La información es poder. Pero como todo poder, hay quienes quieren
preservarlo solo para ellos. Todo el patrimonio cultural y científico
del mundo, publicado durante siglos en libros y publicaciones, está
siendo digitalizado y cerrado por un puñado de empresas privadas.
¿Quieres leer publicaciones que presentan los resultados científicos más
conocidos? Tendrás que enviarle un montón de dinero a editoriales
como Reed Elsevier.
Hay quienes luchan por cambiar esto. El movimiento por el acceso
abierto ha luchado valientemente para asegurarse de que los científicos
no cedan su derecho de autor, sino que en su lugar se aseguren de que su
trabajo se publique en Internet, bajo términos que permitan su acceso a
cualquiera. Pero incluso en los mejores escenarios, su trabajo solo
servirá para cosas que se publiquen en el futuro. Todo lo que existe
hasta este momento se habrá perdido.
Ese es un precio muy alto por el que pagar. ¿Obligar a los académicos a
pagar dinero para leer el trabajo de sus colegas? ¿Escanear
bibliotecas enteras y solo permitir leerlas a la gente en Google?
¿Proporcionar artículos científicos a quienes están en universidades
selectas en el primer mundo y no a los niños del sur global? Es
indignante e inaceptable.
«Estoy de acuerdo», dicen muchos, «¿pero qué podemos hacer? Las
empresas tienen los derechos de autor, ganan enormes cantidades de
dinero cobrando por el acceso, y es completamente legal —no hay
nada que podamos hacer para detenerlas—». Pero sí hay algo que
podemos hacer, algo que ya se está haciendo: podemos contraatacar.
Vosotros con acceso a estos recursos —estudiantes, bibliotecarios,
científicos—, os han dado un privilegio. Podéis alimentaros de
este banquete del conocimiento mientras el resto del mundo no puede
entrar. Pero no es necesario —de hecho, moralmente no
podéis— que mantengáis este privilegio solo para vosotros. Tenéis
el deber de compartirlo con el mundo. Y lo habéis hecho: intercambiando
contraseñas con colegas, rellenando solicitudes de descarga para amigos.
Mientras tanto, quienes han sido bloqueados no están de brazos cruzados.
Os habéis colado por agujeros sigilosamente y habéis trepando vallas,
liberando la información encerrada por las editoriales y compartiéndola
con vuestros amigos.
Pero todas estas acciones se llevan a cabo en la oscura y oculta
clandestinidad. Las llaman robo o piratería, como si compartir
la riqueza del conocimiento fuera el equivalente moral de saquear un
barco y asesinar a su tripulación. Pero compartir no es inmoral
—es un imperativo moral—. Solo quienes están cegados
por la codicia se negarían a que un amigo hiciera una copia.

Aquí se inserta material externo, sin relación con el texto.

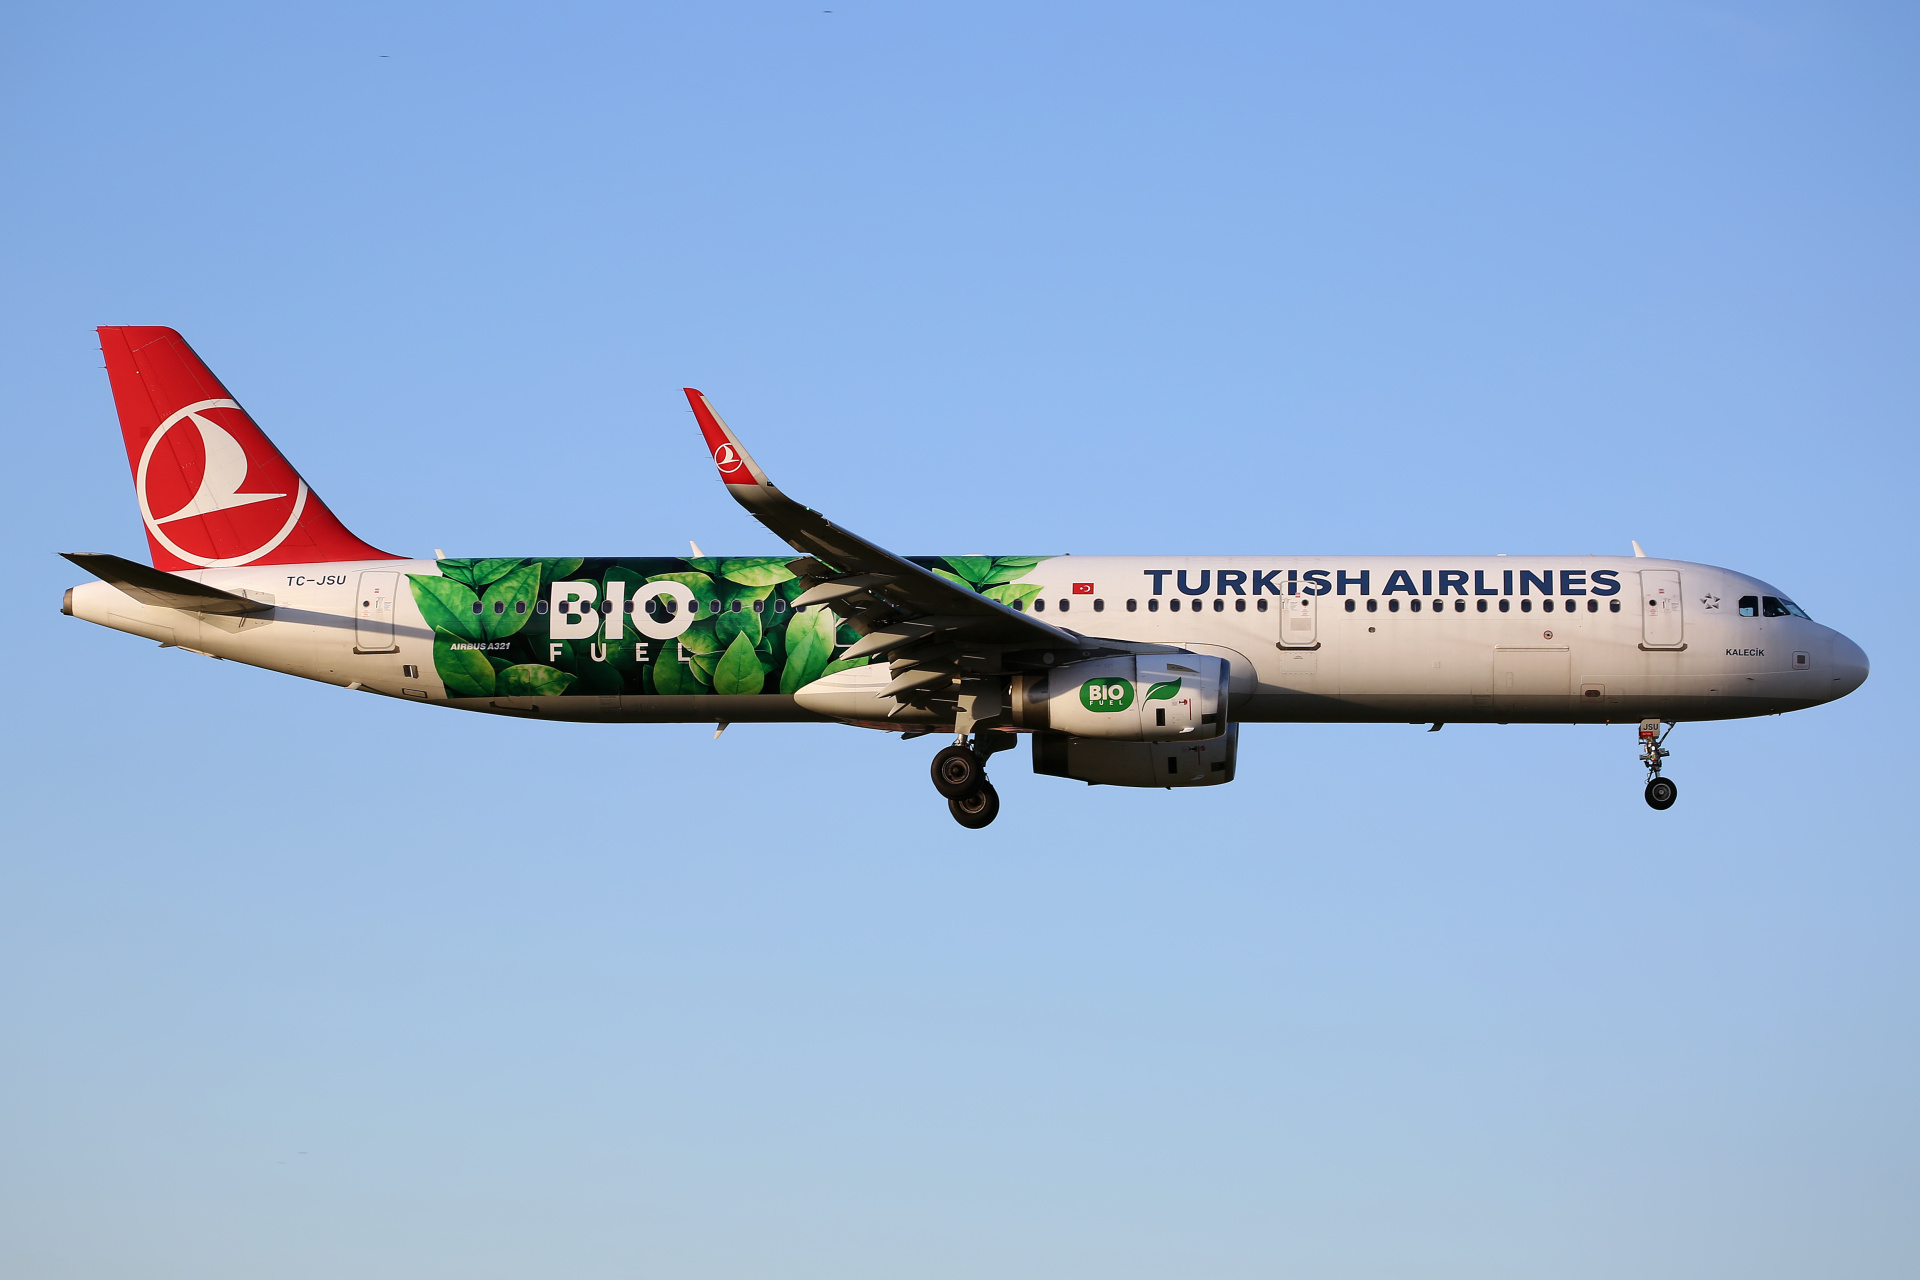 TC-JSU (Bio Fuel livery) (Aircraft » EPWA Spotting » Airbus A321-200 » THY Turkish Airlines)

Las grandes empresas, por supuesto, están cegadas por la codicia. Las
leyes bajo las que operan lo exigen —sus accionistas se
rebelarían por menos que eso—. Y los políticos a los que han
sobornado las respaldan, aprobando leyes que les dan el poder exclusivo
de decidir quién puede hacer copias.
No hay justicia en el cumplimiento de leyes injustas. Es hora de salir a
la luz y, siguiendo la noble tradición de la desobediencia civil,
declarar nuestra oposición a este robo privado de la cultura pública.
Necesitamos tomar la información, dondequiera que esté guardada, hacer
nuestras copias y compartirlas con el mundo. Necesitamos tomar las cosas
que están libres del derecho de autor y añadirlas a este archivo.
Necesitamos comprar bases de datos secretas y ponerlas en la Red.
Necesitamos descargar revistas científicas y subirlas a redes de
intercambio de archivos. Necesitamos pelear por el acceso abierto de
guerrilla.
Con suficientes de nosotros, alrededor del mundo, no solo enviaremos un
mensaje fuerte que se oponga a la privatización del conocimiento;
haremos que sea una cosa del pasado. ¿Te unes a nosotros?